3 1974 22.415201 22.670821 32.850745 31.634717 20.523778 ...
4 1975 16.773286 17.683704 18.259066 14.996550 19.007762 ...
...
以下是完美的代码。我们创建了一个数据框,其 col.names 是'station_n';还有年份和月份的额外列(因子,如果你很懒,则为整数,请参阅脚注)。
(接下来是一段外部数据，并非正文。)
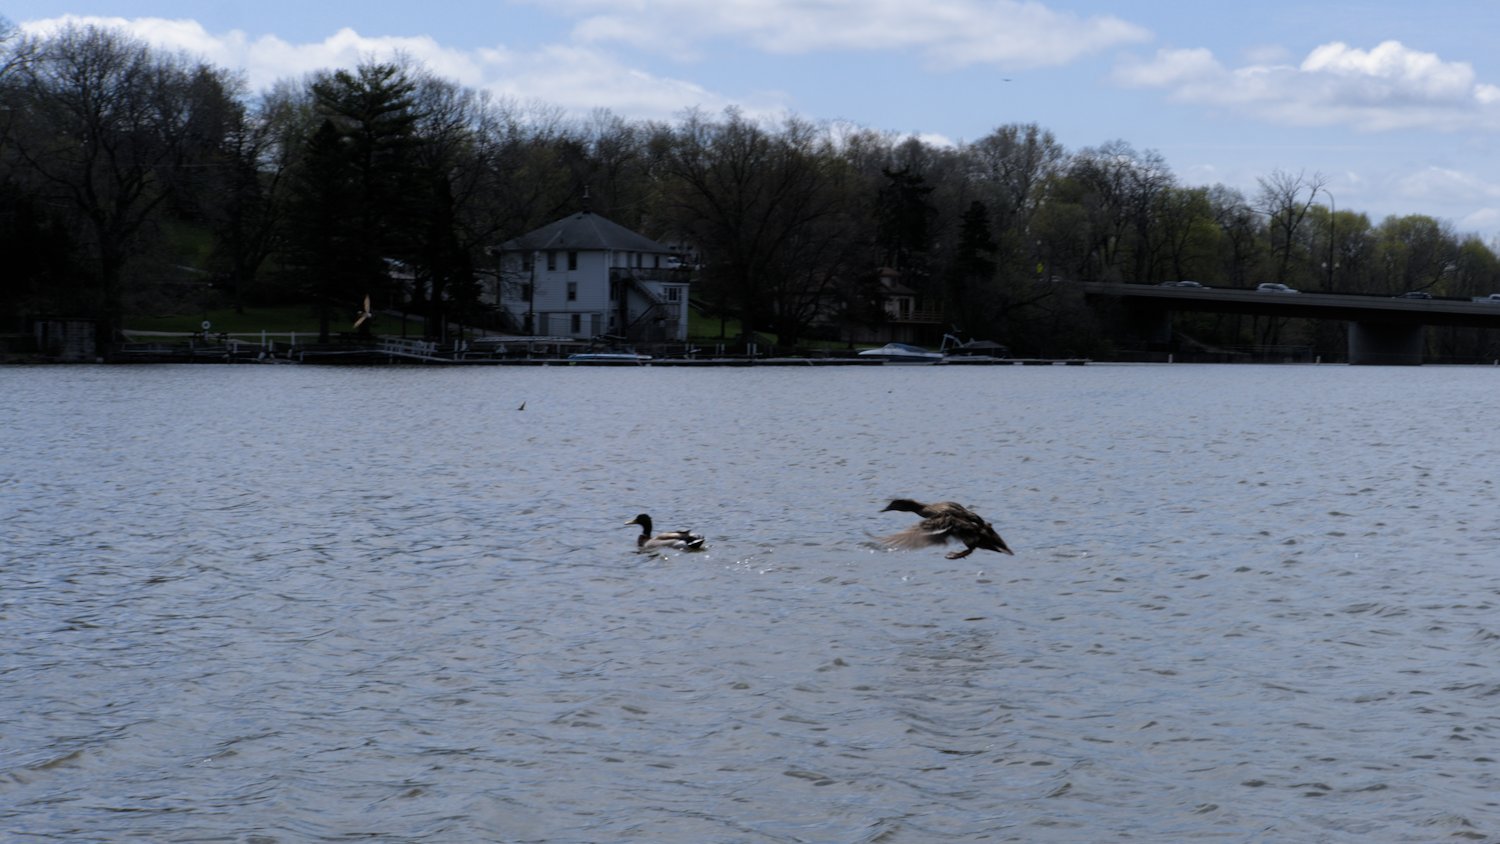 Mallard ducks in flight and in the river.
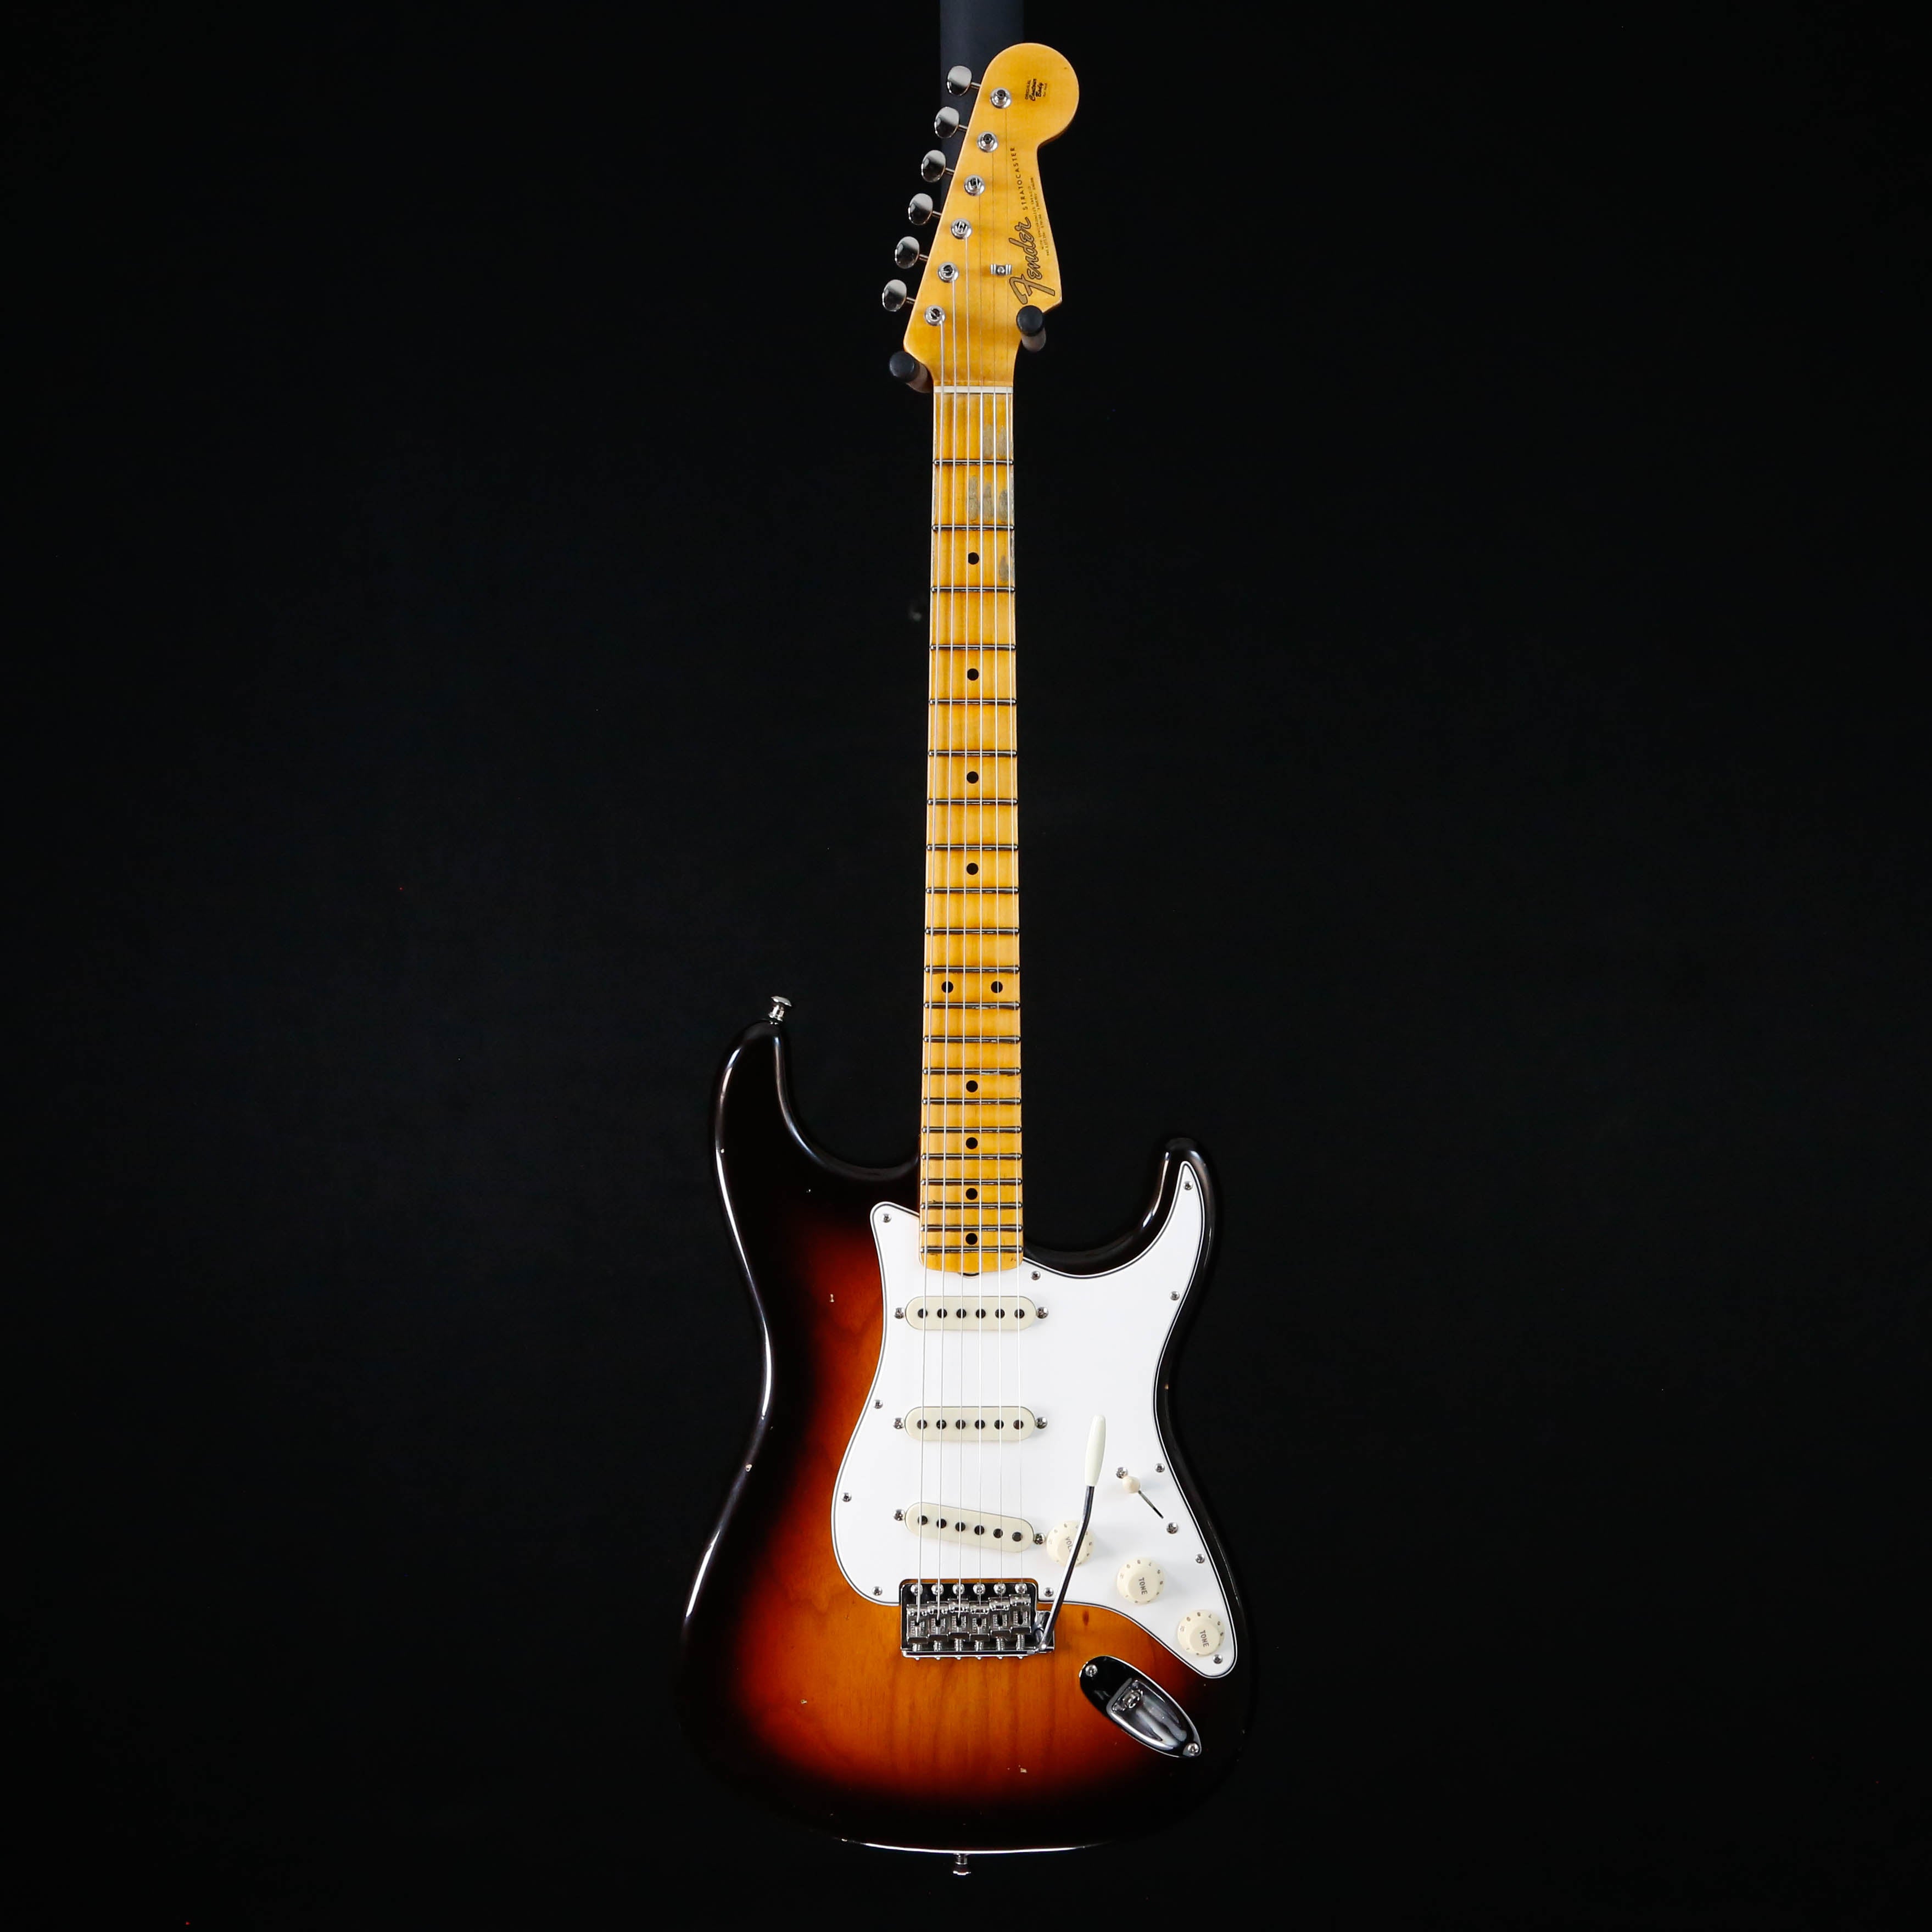 Fender Custom Shop Postmodern Stratocaster Journeyman Sunburst 806 7lbs 7.6oz

现在你可以按月或年进行任意分析(使用plyr的split-apply-combine范例):
require(plyr) # for d*ply, summarise
#require(reshape) # for melt
# Parameterize everything here, it's crucial for testing/debugging
all_years <- c(1970:2011)
nYears <- length(all_years)
nStations <- 101
# We want station names as vector of chr (as opposed to simple indices)
station_names <- paste ('station_', 1:nStations, sep='')
rain <- data.frame(cbind(
year=rep(c(1970:2011),12),
month=1:12
))
# Fill in NAs for all data
rain[,station_names] <- as.numeric(NA)
# Make 'month' a factor, to prevent any numerical funny stuff e.g accidentally 'aggregating' it
rain$month <- factor(rain$month)
# For convenience, store the row indices for all years, M/A/M/J
I.mamj <- which(rain$month %in% 3:6)
# Insert made-up seasonal data for M/A/M/J for testing... leave everything else NA intentionally
rain[I.mamj,station_names] <- c(3,5,9,6) * runif(4*nYears*nStations)
# Get our aggregate of MAMJ totals, by year
# The '-2' column index means: "exclude month, to prevent it also getting 'aggregated'"
excludeMonthCol = -2
tot_mamj <- ddply(rain[rain$month %in% 3:6, excludeMonthCol], 'year', colwise(sum))
# voila!!
# year station_1 station_2 station_3 station_4 station_5
# 1 1972 8.618960 5.697739 10.083192 9.264512 11.152378
# 2 1973 18.571748 18.903280 11.832462 18.262272 10.509621
# 3 1974 22.415201 22.670821 32.850745 31.634717 20.523778
# 4 1975 16.773286 17.683704 18.259066 14.996550 19.007762
作为一个脚注,在我将月份从数字转换为因子之前,它正在默默地“聚合”(直到我放入'-2':排除列引用)。 但是,更好的是当你把它作为一个因素时,它会拒绝积分,并抛出一个错误(这是调试所需的):
ddply(rain[rain$month %in% 3:6, ], 'year', colwise(sum))
Error in Summary.factor(c(3L, 3L, 3L, 3L, 3L, 3L), na.rm = FALSE) :
sum not meaningful for factors
答案 1 :(得分:2)
对于您的原始问题,请使用get():
i <- 10
var <- paste("test", i, sep="_")
assign(10, var)
get(var)
正如大卫所说,这可能不是最好的路径,但它有时很有用(而且IMO的assign / get构造远比eval(解析)好)
答案 2 :(得分:1)
为什么使用assign创建station1,station2,station_3_mamj等变量?将它们存储在列表中会更容易,更直观,例如stations[[1]],stations[[2]],stations_mamj[[3]]等。然后可以使用它们的索引访问每个。
由于您使用的每个站点数据看起来都是相同大小的矩阵,您甚至可以将它们作为三维矩阵处理。
ETA:顺便说一下,如果真的希望以这种方式解决问题,你会这样做:
eval(parse(text=paste("station", i, "mamj", sep="_")))
但是 - 使用eval几乎总是不好的做法,并且很难对数据进行简单的操作。